Severe calciphylactic lesions involving extensive areas of the skin; the transhepatic dialysis catheter is in place.
Discussion
The National Kidney Foundation guidelines recommend the utilization of the internal jugular (IJ) veins for dialysis catheter placement as the first choice as compared with other venous sites. 5 The advantage of using IJ site for dialysis catheters is related to preserving the sites in the upper and lower extremities for creating future grafts and fistulas.5,6
On the other hand, the subclavian site is associated with increased risk of venous stenosis or occlusion, which could compromise the creation of future dialysis access. 6 Dialysis femoral catheters are associated with increased risk of infection and stenosis of the affected veins. 7 Accordingly, among patients who have exhausted other venous access sites, percutaneous transhepatic venous access becomes a viable option to resume dialysis therapy.2-4 In the case presented, the patient exhausted all options for creating any vascular access in the upper extremities. Further, she had bilateral lower extremity amputation as a complication of long-term uncontrolled diabetes, which precluded her from creating a thigh graft. Notably, due to her body habitus, the dialysis femoral catheter was compromised by the recurrent infections and subsequent exchanges with frequent dialysis therapy interruptions. In order to overcome these challenges, the transhepatic route was utilized as the last reasonable option to resume dialysis. For transhepatic dialysis catheters, the right and middle hepatic veins are usually accessed using the lateral approach. However, due to the extensive skin lesions of calciphylaxis and inability to rotate the patient on the procedure table, the left hepatic vein was used to insert the dialysis catheter, an approach that was not reported previously in the literature. Therefore, one can speculate that choosing the left hepatic vein potentially is more advantageous than the right or middle veins as it may reduce the catheter dislodgment and migration. Finally, it is worth mentioning that trans-renal approach to insert the dialysis catheter has been reported in the literature with reasonable outcomes. 8
In conclusion, this case highlights the challenges encountered in the dialysis patients whom ran out of options to perform renal replacement therapy. Moreover, it draws the attention to utilizing the transhepatic route as a feasible alternative for dialysis access in certain clinical settings.
Footnotes
Funding:
The author(s) received no financial support for the research, authorship, and/or publication of this article.

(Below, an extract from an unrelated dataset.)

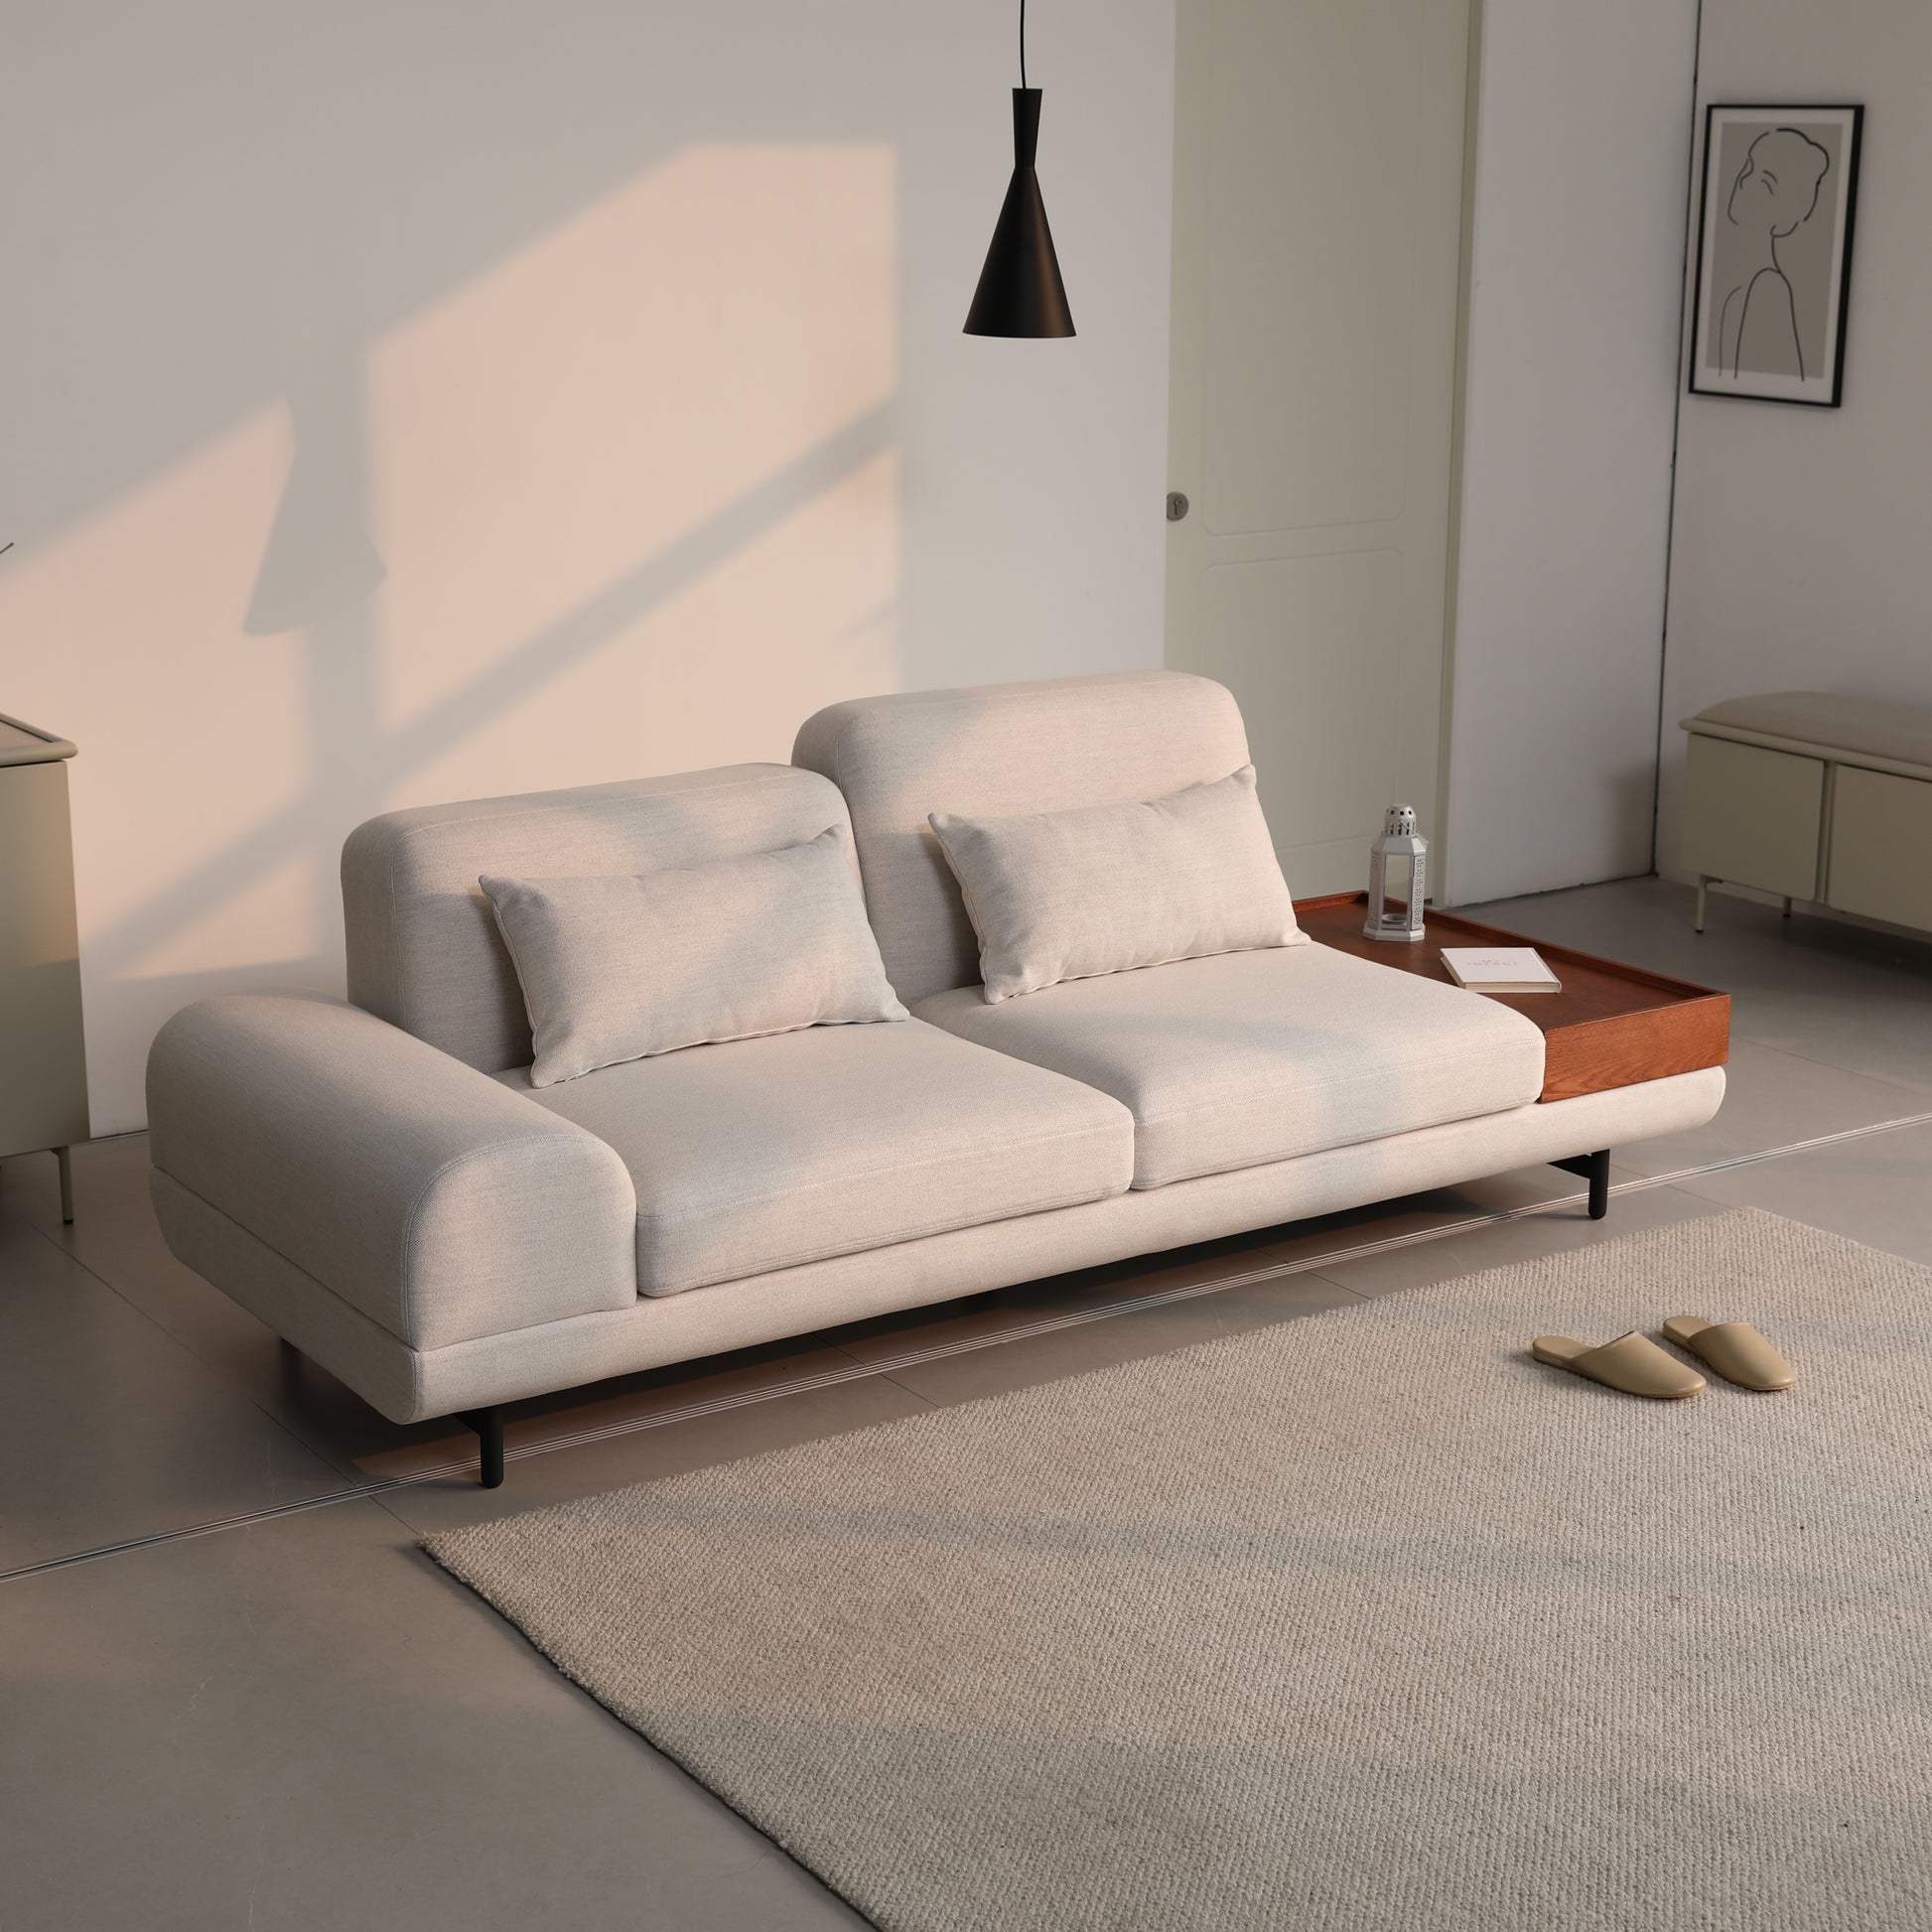 sofa-furniture-comfort-cushions-cover-pillow-consoles-coffee table
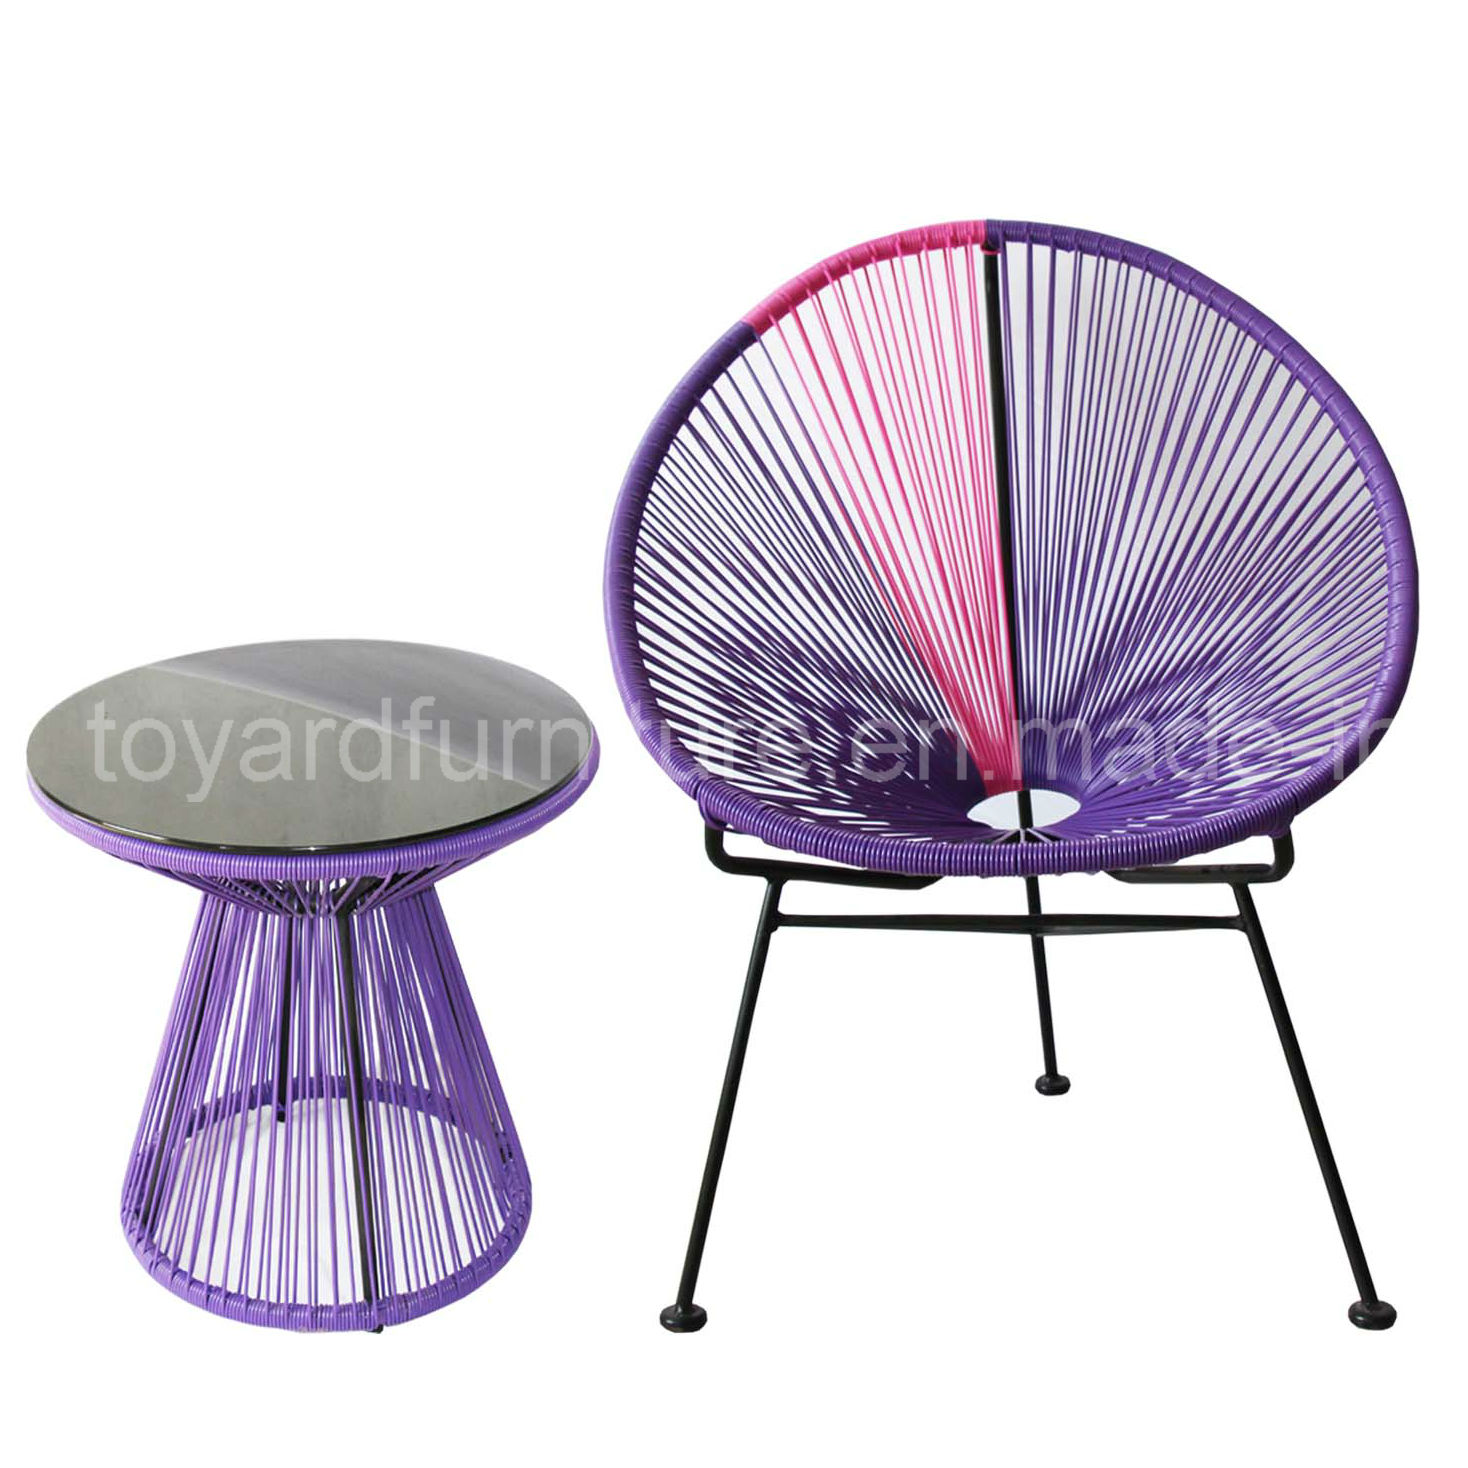 2-Years Warranty Outdoor Plastic Living Leisure Chair

Declaration of Conflicting Interests:
The author(s) declared no potential conflicts of interest with respect to the research, authorship, and/or publication of this article.
Author Contributions
All authors contributed equally to this article. All authors read and approved the final manuscript.
Ethics Approval
Our institution does not require ethical approval for reporting individual cases or case series.
Informed Consent
Written informed consent was obtained from the legal guardian of patient for publication of this case report and accompanying images.